What stays as defined elsewhere:
- The abstract data model of time anchors (point / interval / all-of-time) —
0001§3. - The role of time as primary key —
0000§5.1. - The fragment-spans-bucket-boundary placement rule —
0002§6.3.1. - The two-part address structure —
0002§4.
What this document does not fix:
- Multi-Timeline alignment (mapping anchors between two distinct Timelines) — out of scope for v0 per
0001§11. - The byte format inside Fragments / Buckets / Time-batches —
0007.
2. Resolves OQ-1: Genesis-Relative is Canonical
The canonical form of every DreamDB time anchor is an integer count of resolution units measured from the Timeline's Genesis origin. t = 0 sits at the Genesis origin; positive values are after.
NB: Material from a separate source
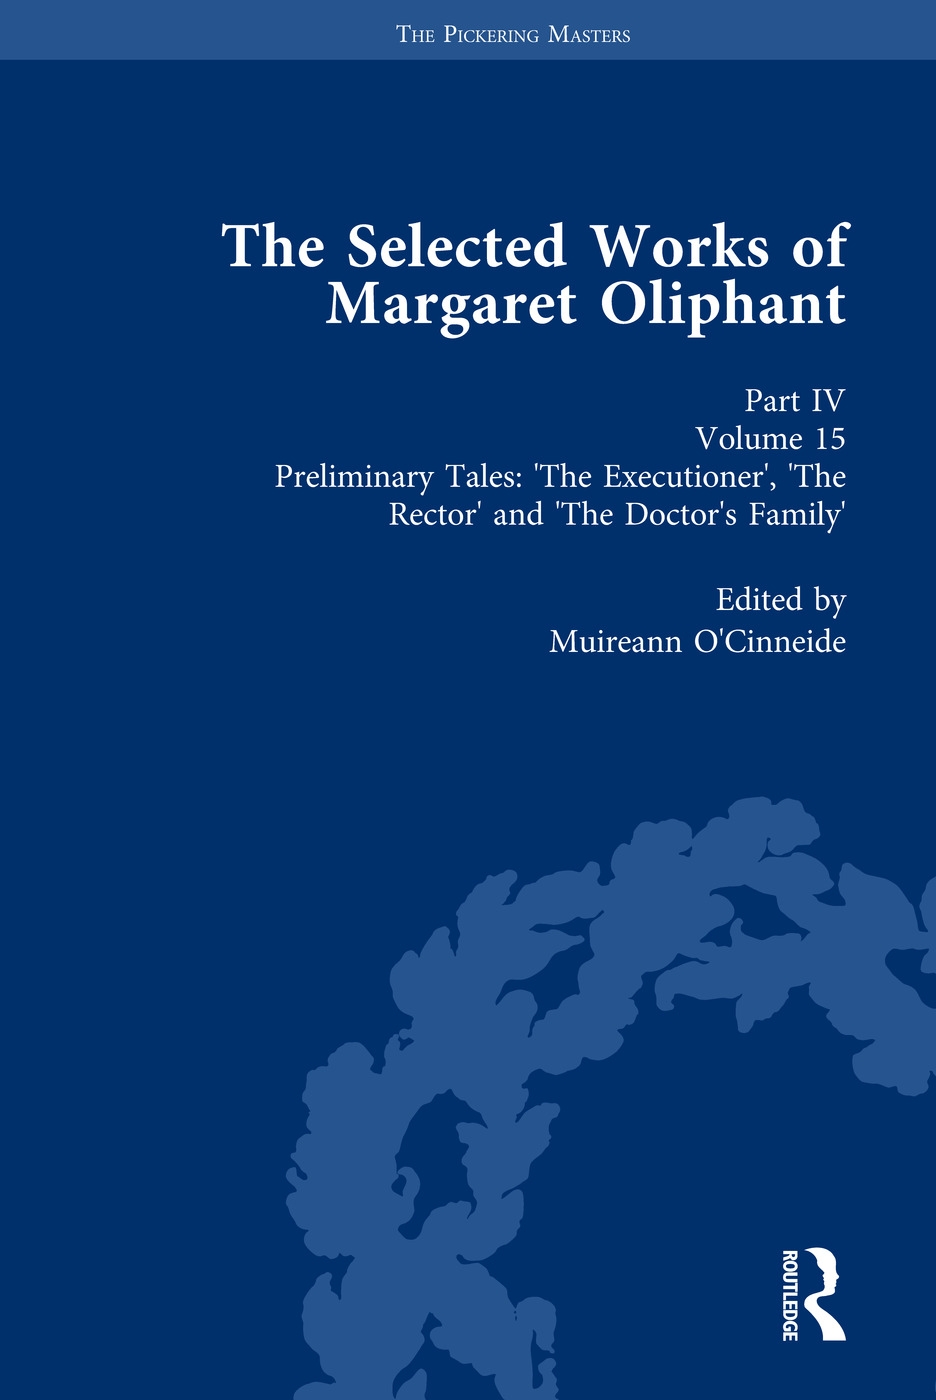 The Selected Works of Margaret Oliphant, Part IV Volume 15: Preliminary Tales: ’the Executioner’, ’the Rector’ and ’the Doctor’s Family’

The Genesis Object's origin field carries an optional absolute back-reference — a Unix-nanosecond timestamp at which t = 0 sits in wall-clock time. Three modes are supported:
Genesis origin field | Timeline mode | Meaning |
|---|---|---|
| Unix nanosecond integer | Anchored | t = 0 corresponds to the given Unix-ns instant. Wall-clock conversion is well-defined. |
null | Abstract | The Timeline has no wall-clock anchor. Only relative comparisons within itself are meaningful. |
| (Reserved future tags) | (Future) | Other epoch references — TAI, GPS, monotonic-since-boot. Not in v0. |
Why Genesis-relative as the canonical form:
- Compactness. A 10-year recording at ns resolution fits in 53 bits — comfortably inside a 64-bit integer with room to spare. Genesis-relative integers stay small; absolute Unix-ns integers are already at ~1.8 × 10¹⁸ in 2026 and burn most of the i64 range.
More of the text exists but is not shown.